The “overseas Chinese” have been a presence in Asia for centuries. But until now the Chinese government was never much concerned with them. China was never, until the late 20th century, a major international trading power. Now China is and it is spending heavily to finance the migration of more Chinese to settle in foreign lands, and never forget where they came from. For those who do, when the motherland calls, the Chinese government will remind the unwilling that they still have kin or other links back in China and how shameful would it be if this lack of cooperation became known.
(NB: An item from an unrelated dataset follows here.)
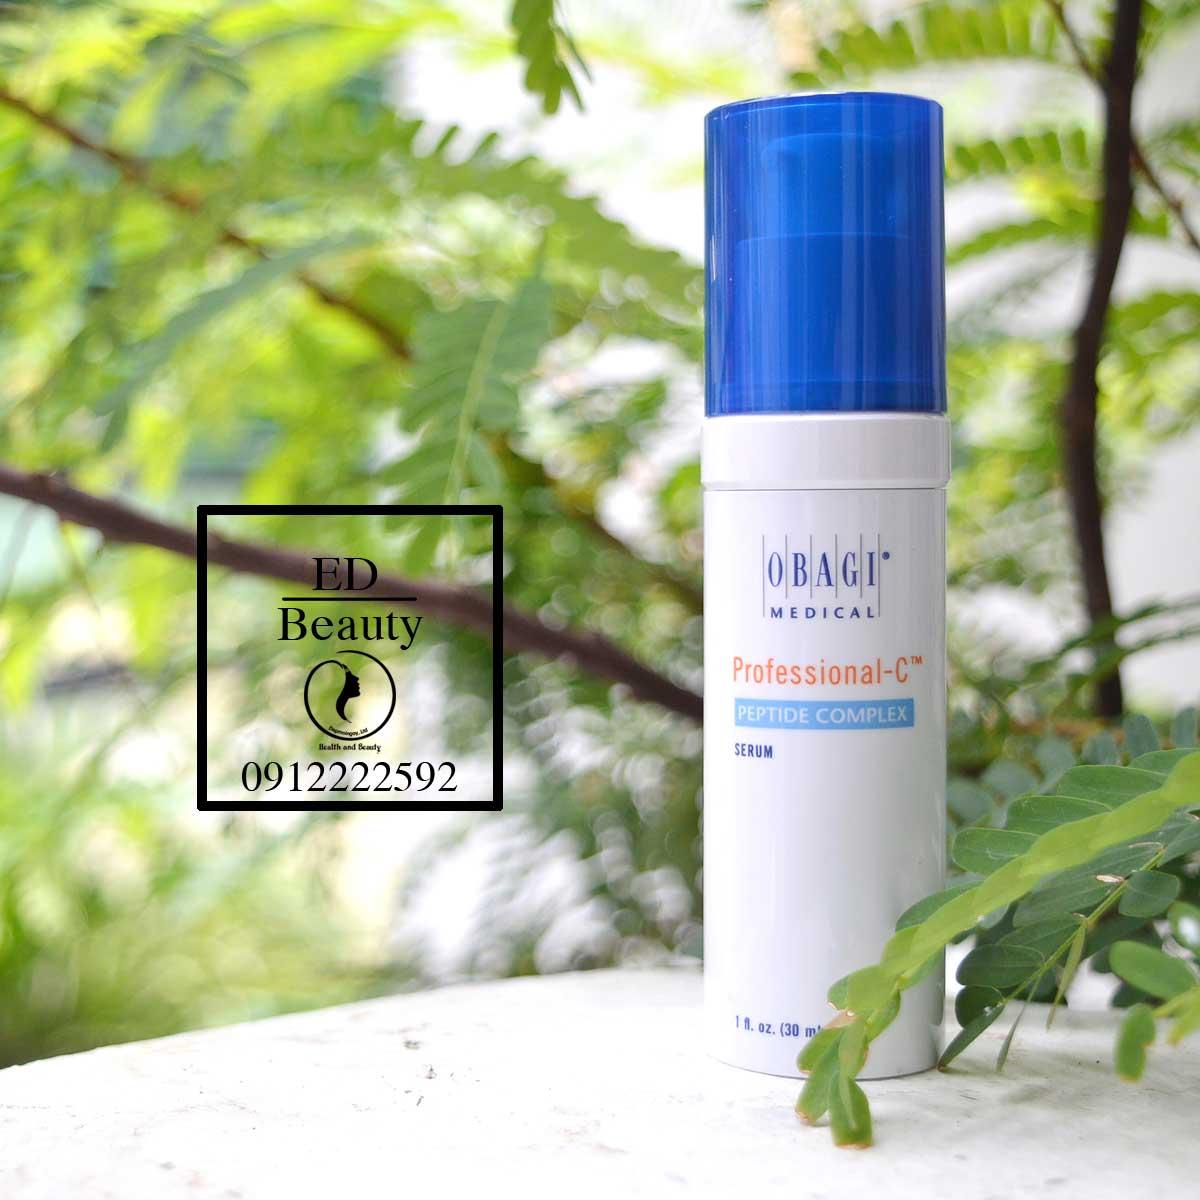 serum-duong-da-tri-lao-hoa-obagi-professional-c-peptide-complex-serum-5-32
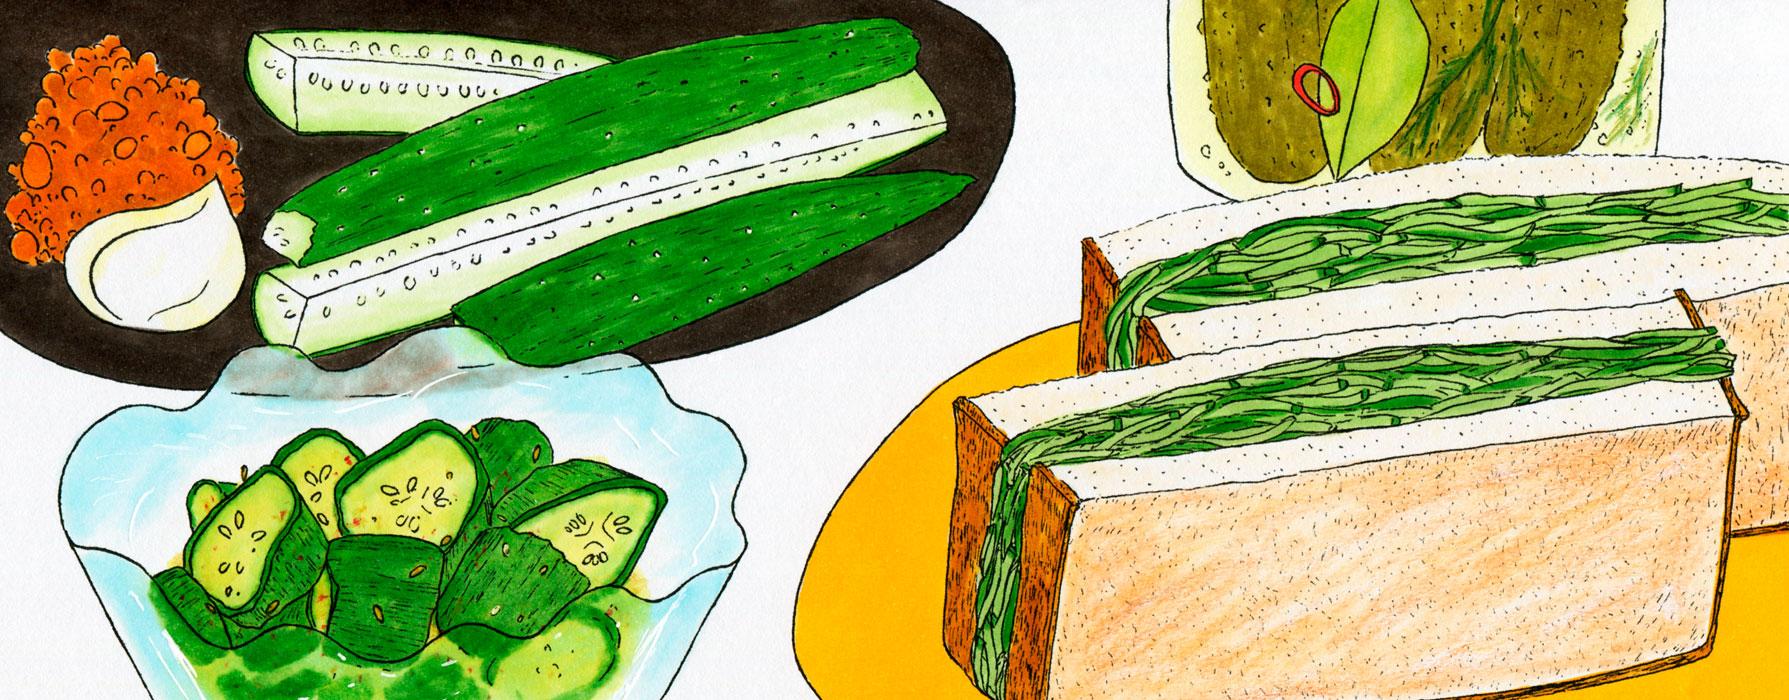 「栄養と料理」(女子栄養大学出版部)「機能性成分のひみつ」2018年7月号〜現在連載中

China is also involved in wars most people, including most Chinese, are unaware of. For example there is Chinese media support for Iran backed Shia rebels in Yemen. There Saudi Arabia has organized a coalition of local nations to provide air and ground support for the Yemen government against the rebels. China has long backed Iran and in Yemen the rebels know that the popular support in the Gulf oil states for participation in the Yemen war would rapidly erode if there were a lot of casualties among their troops. So far the rebels have been right about this. Yet the Saudis cannot afford to leave a hostile Iranian-supported enclave on their southwestern border and it appears the Saudis feel they have to do whatever it takes to prevent the Iran backed Shia rebels from remaining active. Meanwhile Iran continues to back the rebels, especially when it comes to propaganda. Iran and its allies Russia and China are all using their state controlled media to make the Yemen rebels look more successful than they actually are. Iran continues trying to smuggle in weapons and military supplies. Some of those efforts appear to be succeeding. Most Chinese never notice that the local state controlled media is distorting what is going on in Yemen to favor the rebels there. But those outside China who have free access to all news sources can’t miss it.

North Korea

The impact of China enforcing all the UN trade sanctions against North Korea has, after four months, caused serious shortages of foreign currency. This is how you measure the true impact of any sanctions on North Korea and you know the sanctions are bad when Chinese exporters of consumer goods for the North Korean ruling class (two or three percent of the population, including immediate family, who run the government, universities, research centers and security forces) are now demanding cash in advance. China is the main access point for the thousands of luxury items North Korea imports each month to keep their ruling class content and willing to do what it takes to keep the Kim dynasty in power. There are numerous reports from China about exporters losing sales of these goods to North Korea because bills are not being paid. So suppliers are demanding cash now and the North Koreans don’t have it. The Chinese suppliers are complaining to anyone who will listen because this trade with North Korea is big business in some Chinese cities on the border. North Korea is desperate and North Korean leaders are willing to do almost anything to mend relations with China. “Almost” may not be enough unless North Korea agrees to adopt a market economy to the extent that China has. China, however, is willing to be more flexible on that if North Korea will cooperate in other ways. North Korean officials were recently told, privately, that all would be well if North Korea got rid of its nuclear weapons and its nuclear weapons development program. So far the north is not interested.